Search code examples
siplte4g

SIP and RTP in VoLTE

I am investigating the SIP signaling and RTP media in VoLTE traffic. I can see RTP header but was told that the RTP payload and the SIP packets are all encrypted in IPsec. Is this true? If yes, at what interface I can see the decrypted packets?

Thanks.

Solution

  • LTE is based on IMS (IP Multimedia Subsystem) which is a very broad and encompassing set of specifications for an architectural framework that enables multimedia communication between IP connected end points.

    Because it is so broad and all encompassing there are actually many different security points and interfaces - for example there are security specs for communication between an access network connected device (such as a mobile phone) and the core, for communication between different nodes within a single core network, for communication between different operator's or organisation's core networks etc.

    3GPP and LTE build on the IMS specs and include specific security specs for the Mobile world also. There is a 3GPP spec which looks at access security for IMS (3GPP TS 33.203) and it includes the following diagram:

    enter image description here

    Each of the numbers in the diagram above is a different security 'association' and the above standard references one or more specifications for each one.

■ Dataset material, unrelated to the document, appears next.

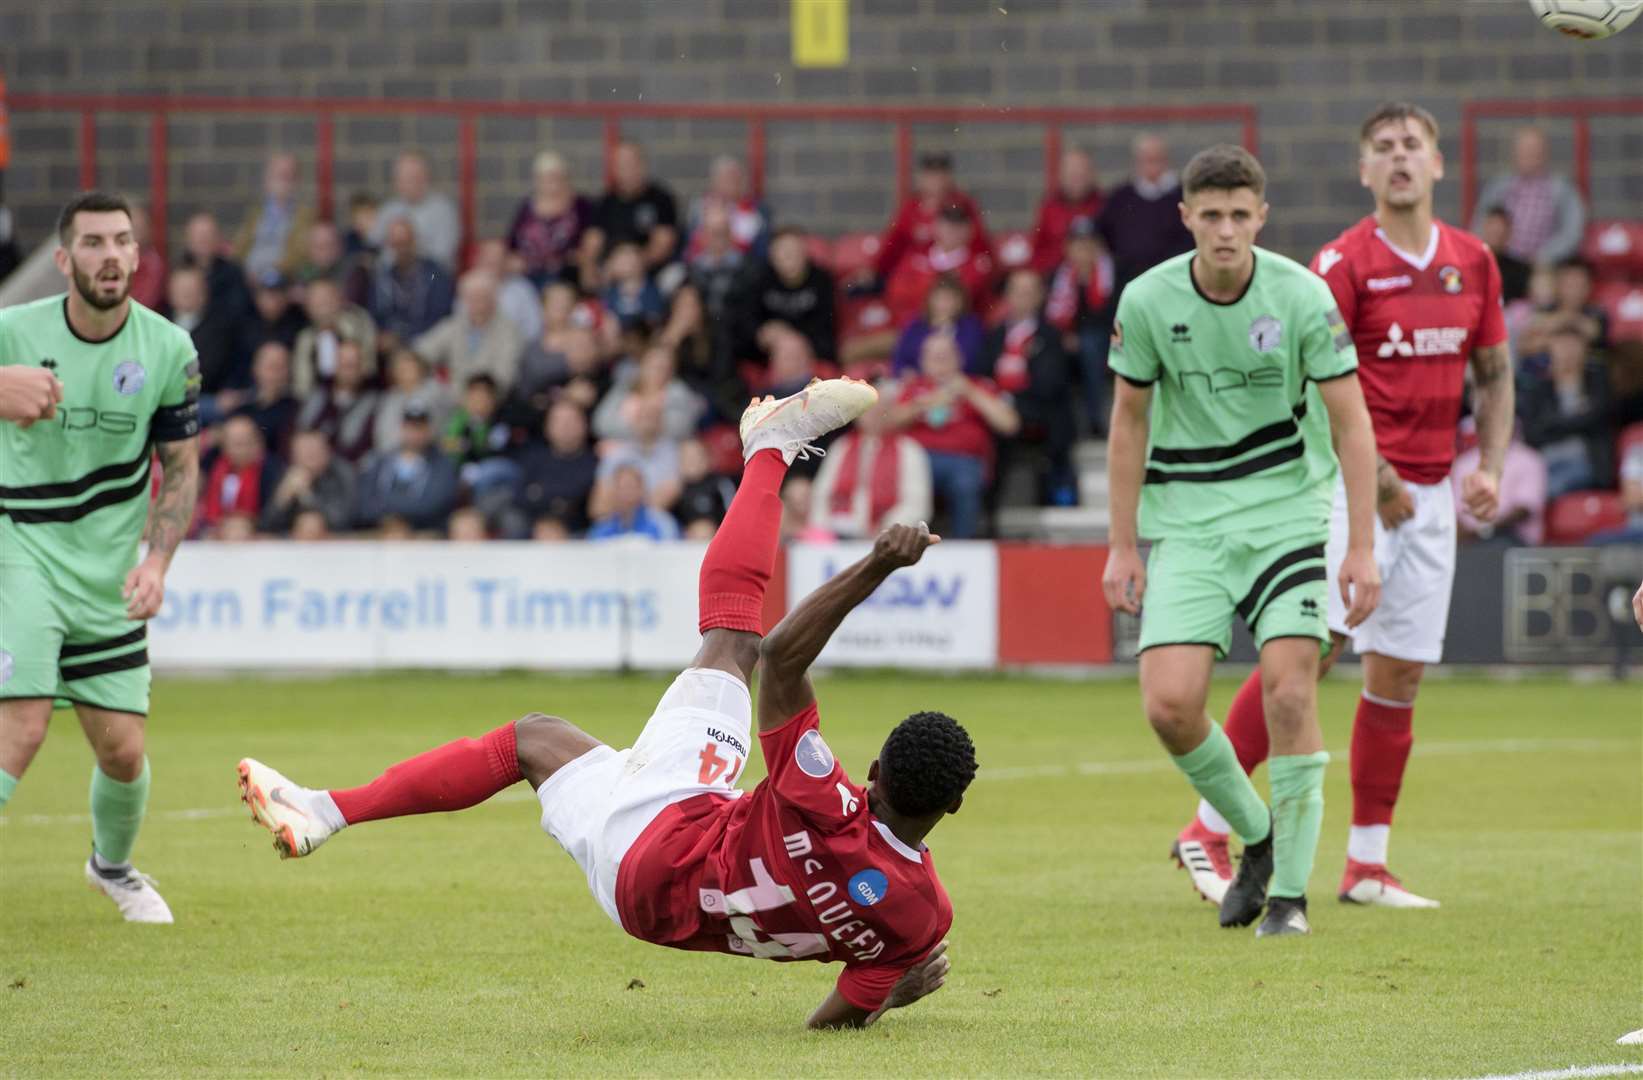 Darren McQueen goes for the spectacular against Gateshead Picture: Andy Payton

    The result of all this security complexity and these many security layers is that the answer to your question depends on the point in the network you are looking at. For example, if you intercept the traffic between the phone and the base station you will not be able to see anything as it will all be encrypted at a lower layer (notwithstanding the latest GSM/3G security hacks etc). Similarly if you are looking at the traffic between the core network nodes or between different networks this may be over IPSEC tunnels etc and again you will not be able to see it.

    If your aim is to intercept and eavesdrop on VoLTE voice calls then you are going to find this very hard as many of the above mechanisms are designed to prevent this - I won't say it is impossible as I'm sure someone will reference a hack or a 'government backdoor' example for similar technology etc.

    If your interest is academic, or in profiling the performance of the network etc then you may be able to achieve what you want using one of the open source IMS solutions - e.g. http://www.openimscore.org.

    Or, if you are working for, or with, one of the network equipment vendors then you may be in a position to insert or leverage network management and/or OSS 'hooks' or mechanisms which allow you gather info from some unencrypted data at certain points in the end to end flow.